1. Welcome to SportsJournalists.com, a friendly forum for discussing all things sports and journalism.

    Your voice is missing! You will need to register for a free account to get access to the following site features:
    • Reply to discussions and create your own threads.
    • Access to private conversations with other members.
    • Fewer ads.

    We hope to see you as a part of our community soon!

The Economy

Discussion in 'Sports and News' started by TigerVols, May 14, 2020.

  1. BTExpress

    BTExpress Well-Known Member

    True, but the government should not pay people to make buggy whips any more than they should pay $800 billion for our "defense" (as if 6,000 nuclear warheads weren't "defense" enough).
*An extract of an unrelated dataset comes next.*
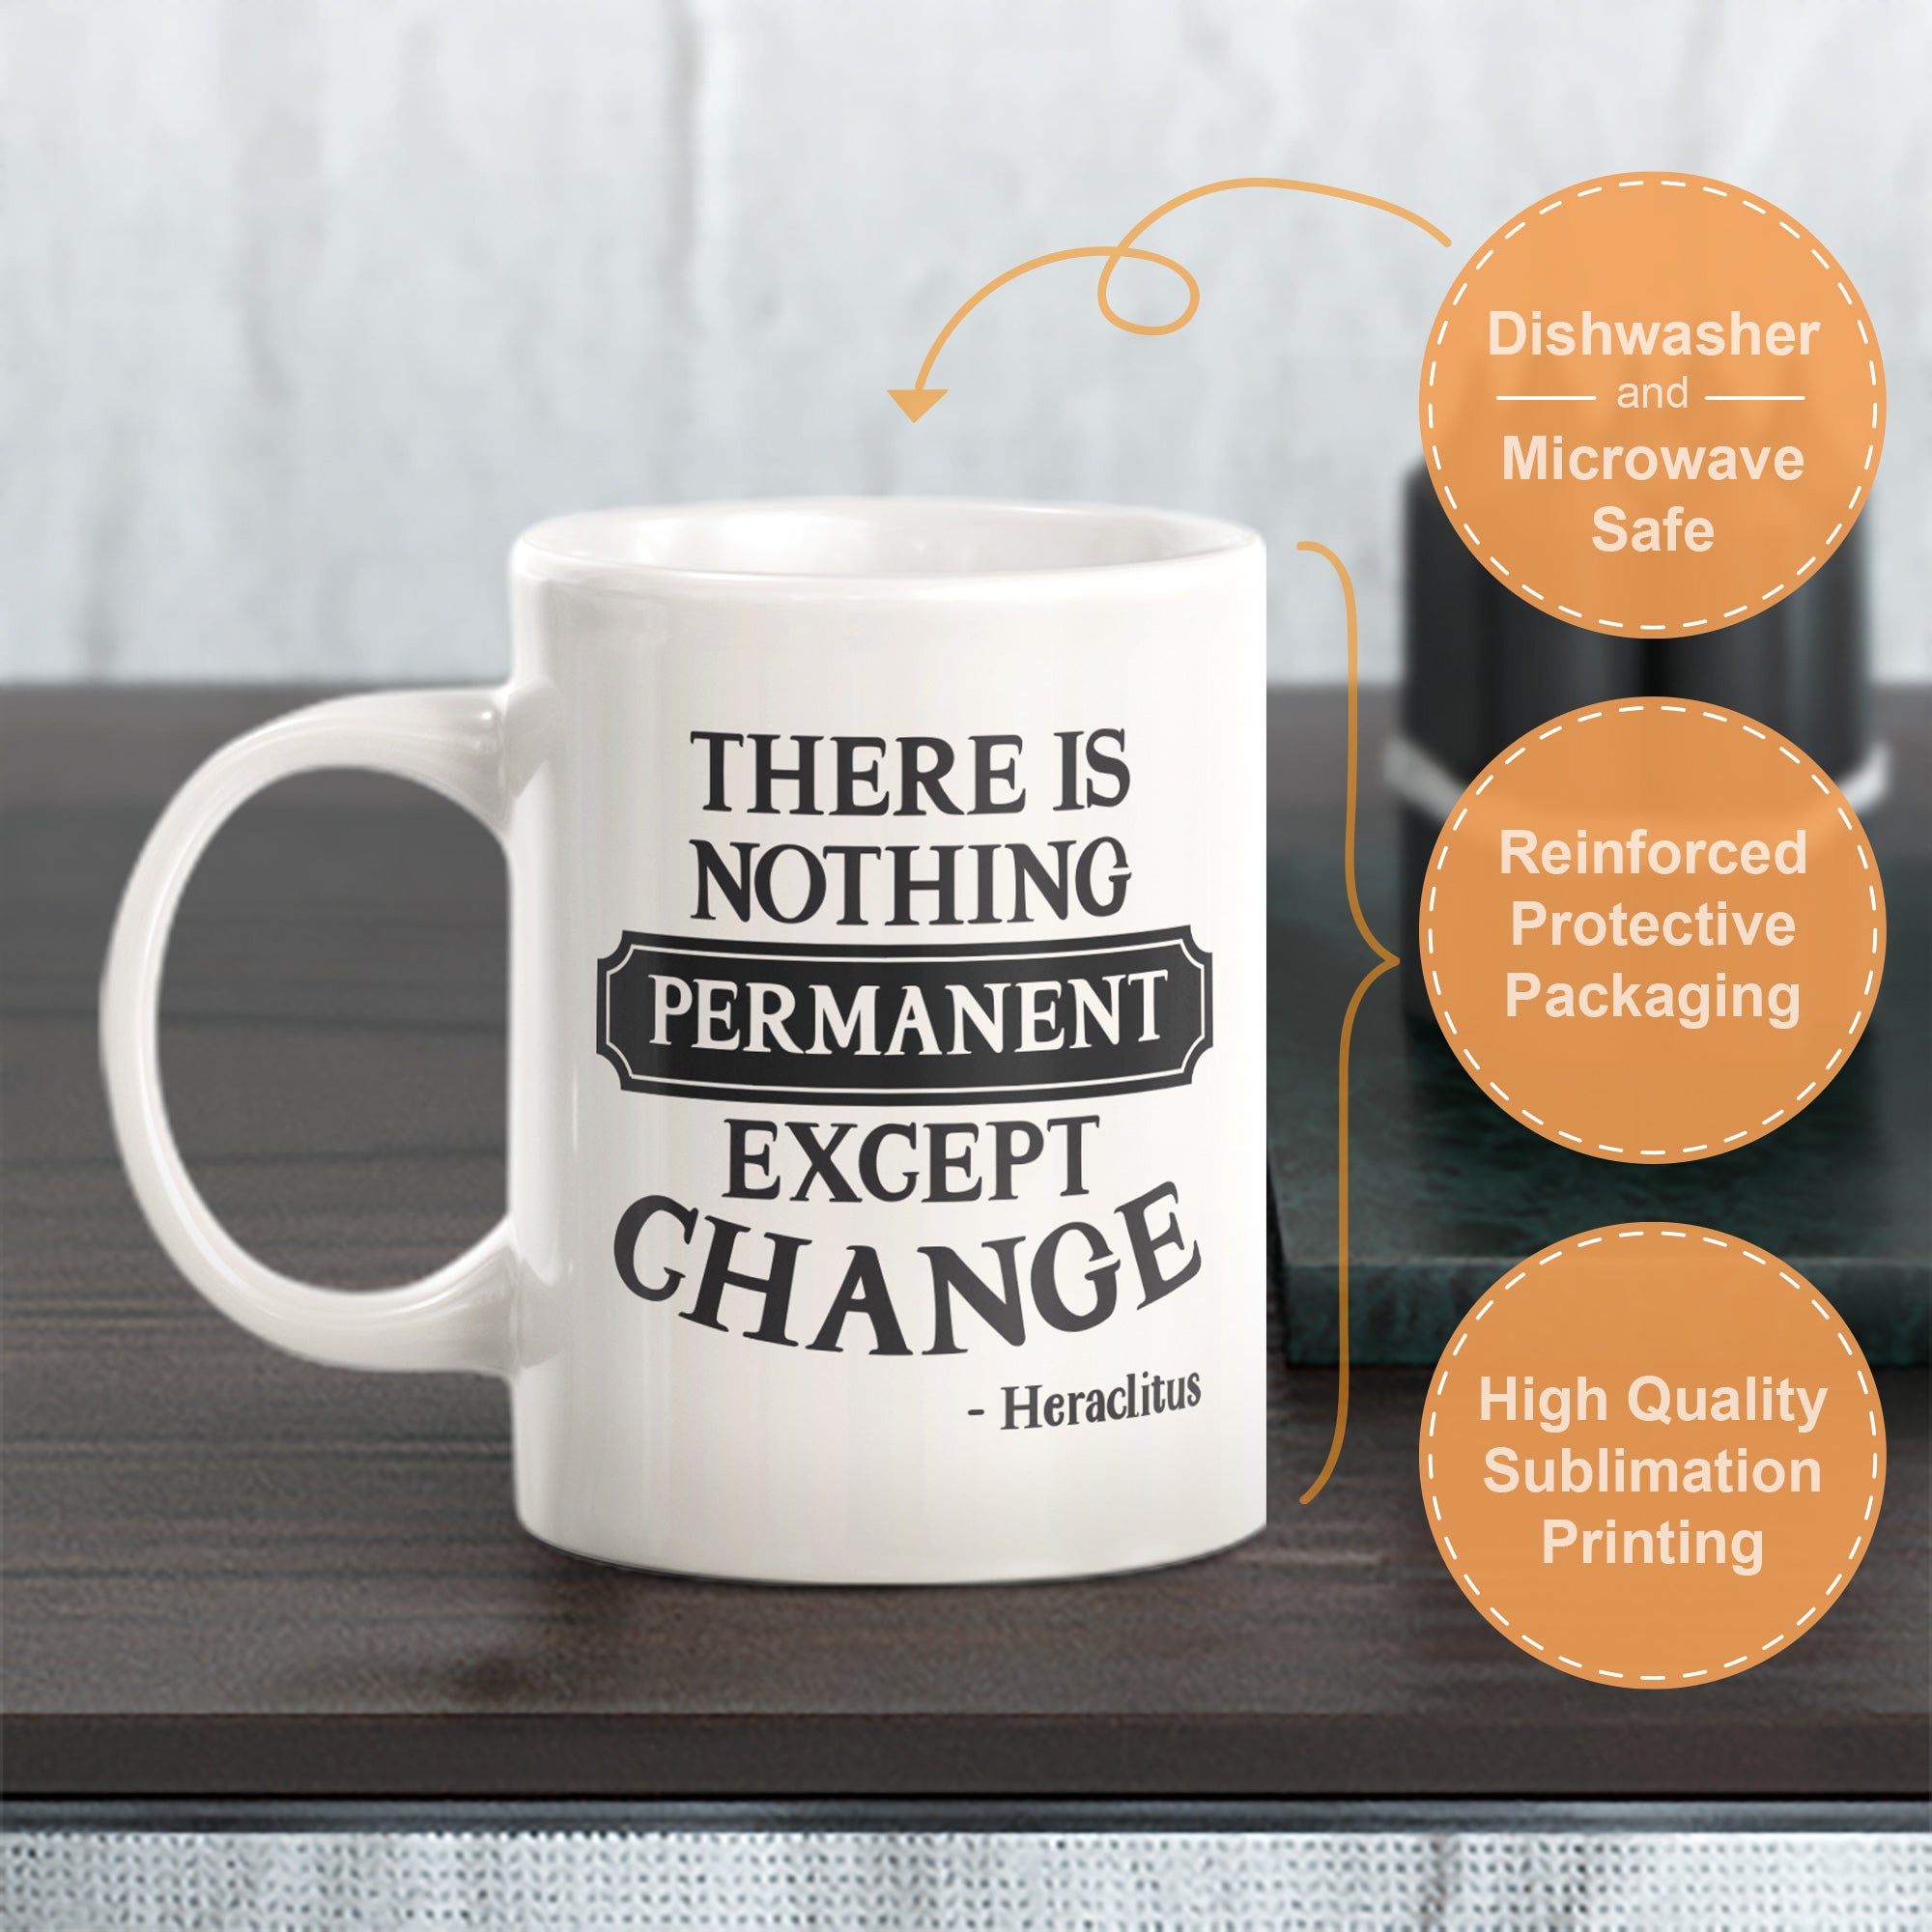 There Is Nothing Permanent Except Change - Heraclitus Coffee Mug

    Pay for what's needed.
     
    TigerVols likes this.
  2. 2muchcoffeeman

    2muchcoffeeman Well-Known Member

    Today won’t be as good as yesterday. In its daily economic news email, Politico notes that a bunch of economic data will drop today and that most of it is expected to be negative. Third quarter GDP is likely to hit the initial 33.1% estimate, with the fourth quarter estimate expected to be much worse and the first quarter of next year possibly going negative. The hed on it is “Wall Street rocks as food lines grow."
     
  3. Inky_Wretch

    Inky_Wretch Well-Known Member

  4. Azrael

    Azrael Well-Known Member

    everyone has a share!


    - milo minderbinder
     
  5. goalmouth

    goalmouth Well-Known Member

    Is it Schwab offering cheaper "slices" of shares, so anyone can get in on the fun?
     
  6. micropolitan guy

    micropolitan guy Well-Known Member

    For two bucks you can own half of Lee Enterprises.
     
  7. Hermes

    Hermes Well-Known Member

    When I was younger I told myself when I had a child I’d buy one share of Amazon for him or her every year.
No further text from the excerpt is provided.